Difícil é ser Leal para além das ideias e sentimentos, ou permanecer leal apesar deles. Difícil é calar a boca quando a vontade de levantar a voz se engasga na garganta. Baixar os olhos quando cremos que a razão está do nosso lado. Difícil é encolher o nosso discurso até ao limiar em que deixa de ferir compromissos que, apesar de desagradarem, assumimos e temos de honrar.

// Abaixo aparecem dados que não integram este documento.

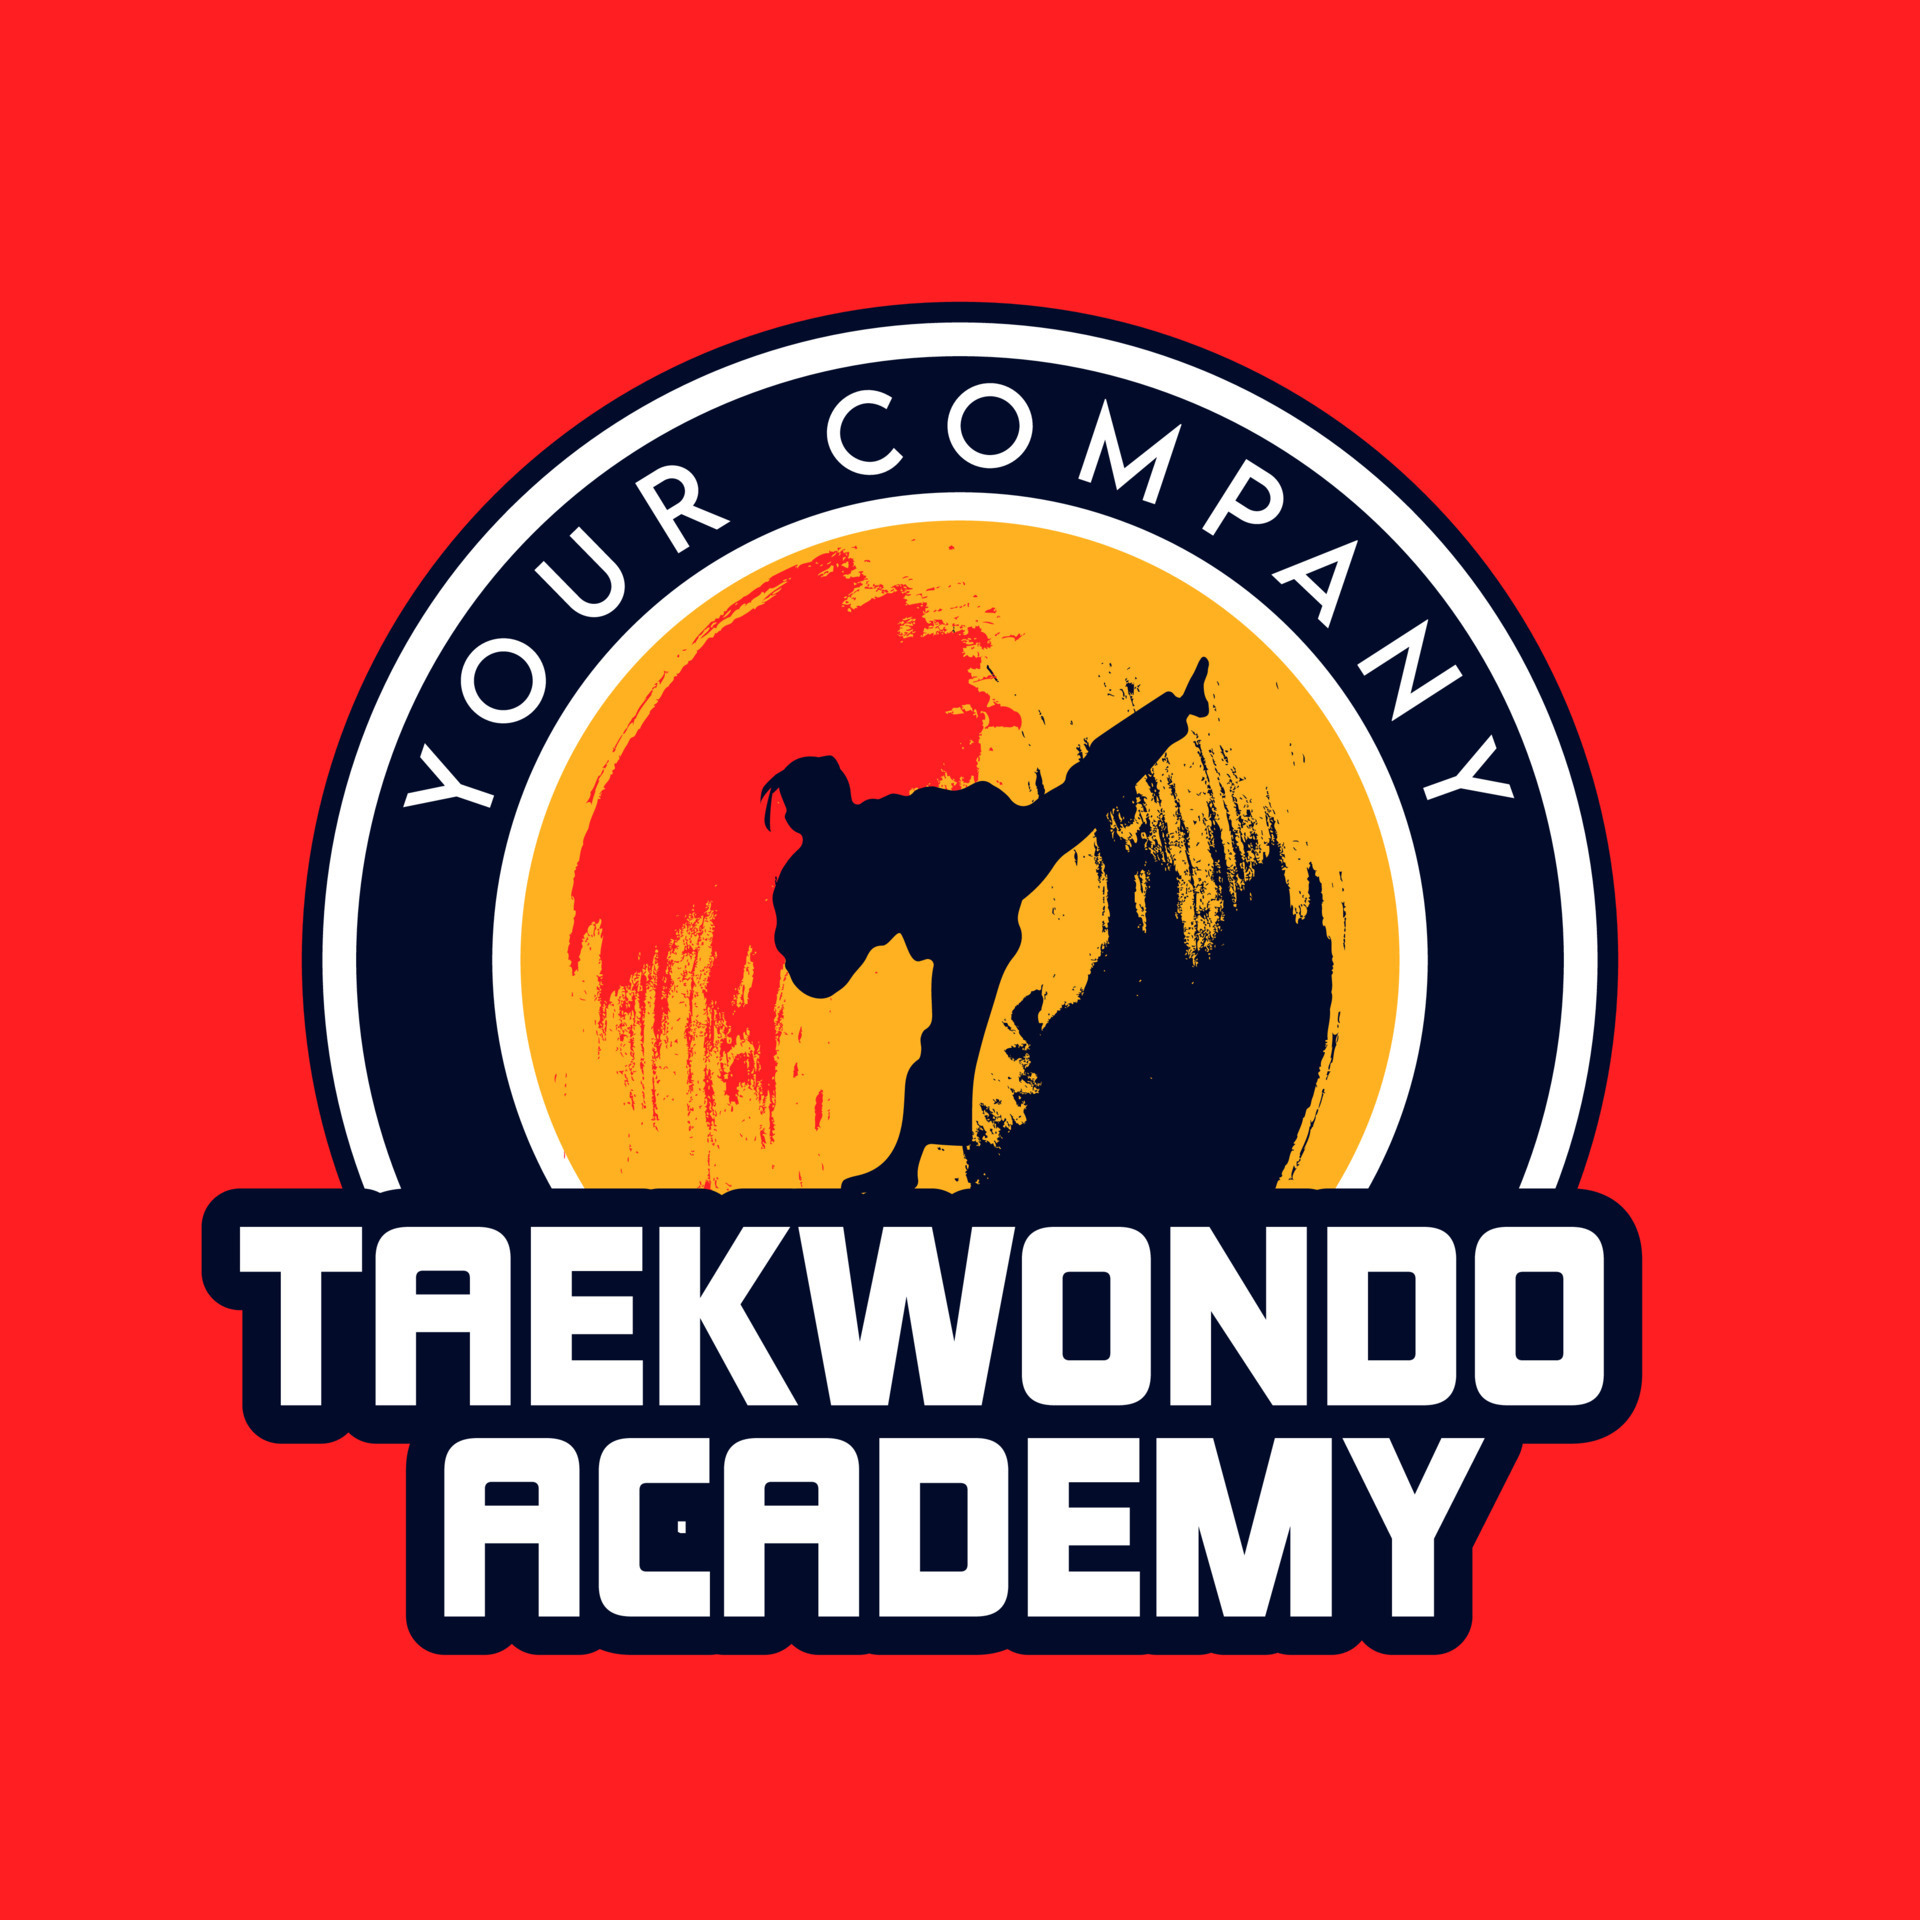 Taekwondo Academy Logo Design Template For Emblem Logo And More Vector

É quando caímos naquele escreve, apaga, escreve, apaga, até moldar as palavras a que algumas posições obrigam. E aprender a cultivar silêncios, tentando retirar-lhe a eloquência. Sim, porque há silêncios que são verdadeiros discursos. Há até presenças, no lugar certo, aos olhos errados, que se prestam a escrutínios e autos de má-fé.

E então a lealdade cai, por vezes, numa espécie de cinismo disfarçado de uma placidez que não se sente. Tudo para não quebrar conveniências que, no fim se calhar não importam. E nem basta a pontada de um orgulho inglório de dizer “eu fiz o que estava certo, apesar de”.

Uma lealdade oca, desprovida de sentido, mas que persiste. Insiste.

Uma lealdade que corrói. E dói. E mói. Pouco corajosa, nada bravia.

Das lealdades fáceis é que reza a história, sobretudo das que nascem de grandes sacrifícios, de espíritos altruístas, abnegados.

Destas lealdades a morder a língua, ácidas como próprio veneno, poucos falam. E menos, ainda, premeiam. Nenhuns agradecem.

São lealdades que não engrandecem nem gratificam.

Então, porquê mantê-las? Pela ânsia de dias tranquilos? Pelo zeloso dever?

Ou é apenas pela fanfarronice de nos dizermos melhores que os outros?